[YOUR OBJECTIVE]: Would you return the listing exactly as written, apart from its pictures?

[GIVEN INFORMATION]:
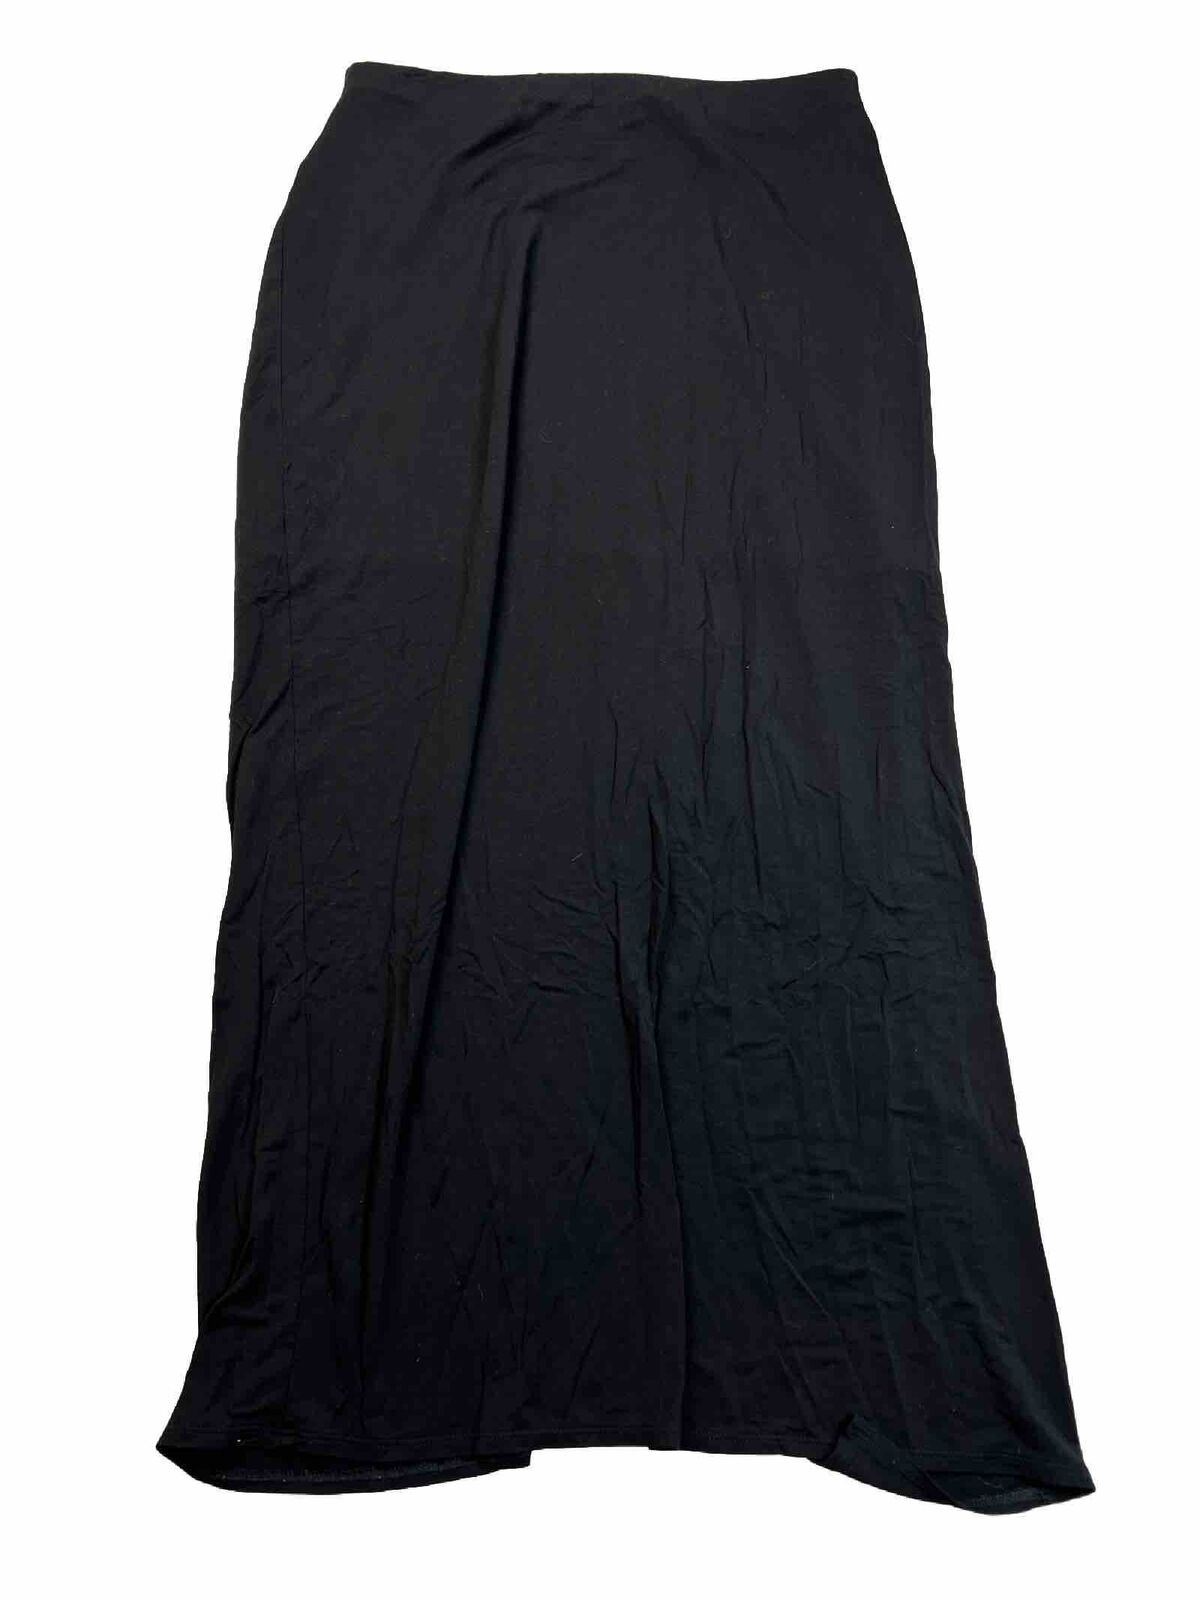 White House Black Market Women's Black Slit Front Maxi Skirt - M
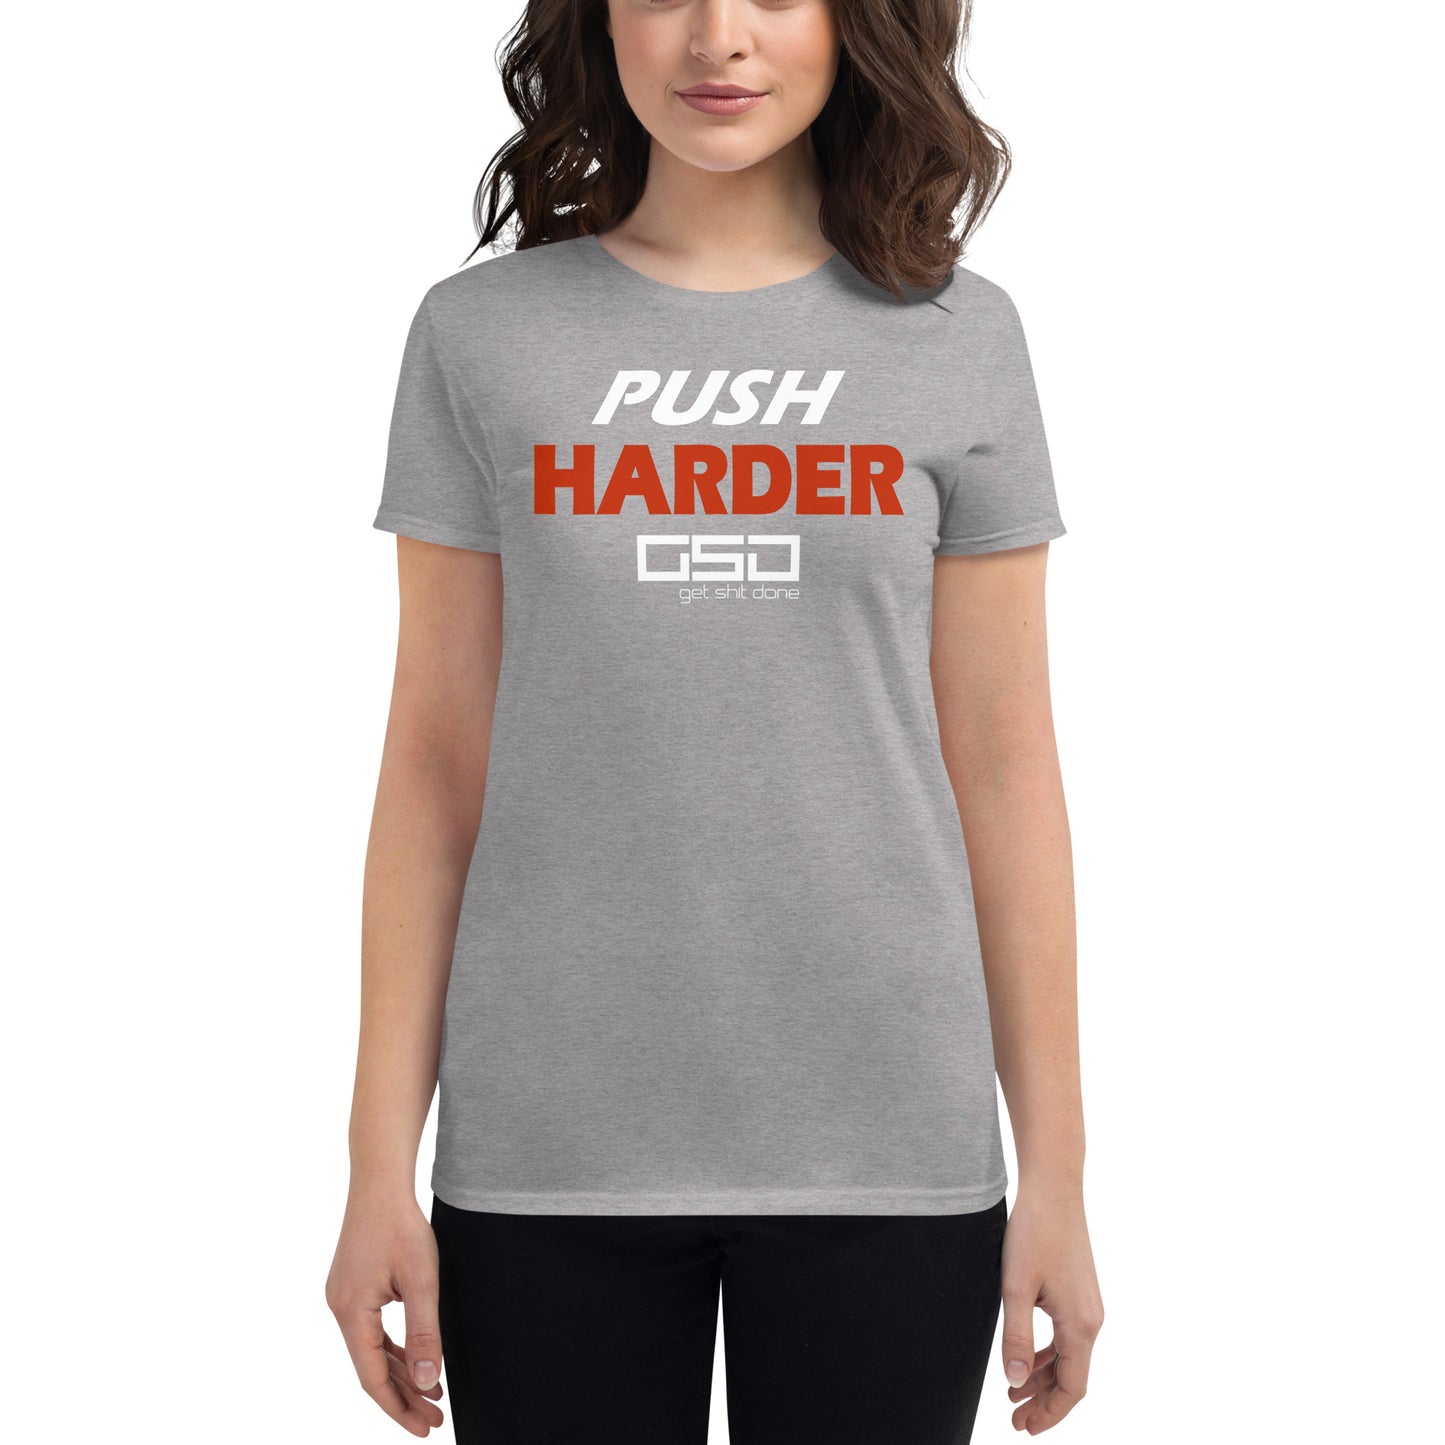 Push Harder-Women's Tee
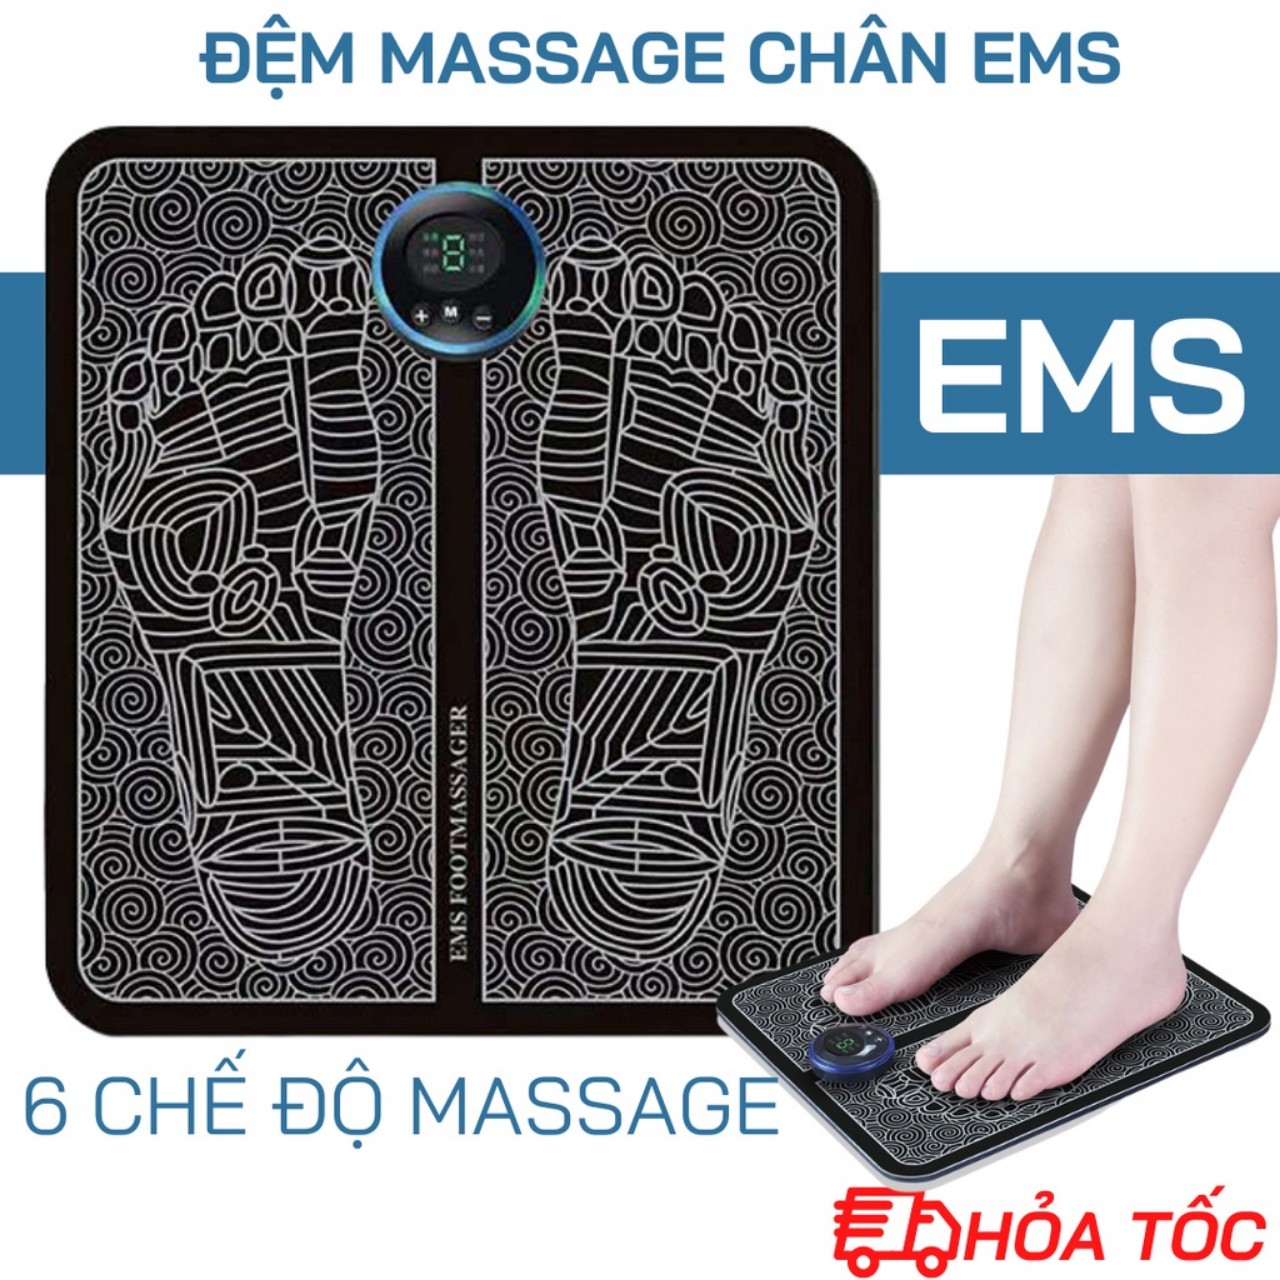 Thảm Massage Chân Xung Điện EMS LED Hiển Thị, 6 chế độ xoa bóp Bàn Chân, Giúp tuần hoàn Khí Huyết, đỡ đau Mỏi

[SOLUTION]:
 White House Black Market Women's Black Slit Front Maxi Skirt - M
 Push Harder-Women's Tee
 Thảm Massage Chân Xung Điện EMS LED Hiển Thị, 6 chế độ xoa bóp Bàn Chân, Giúp tuần hoàn Khí Huyết, đỡ đau Mỏi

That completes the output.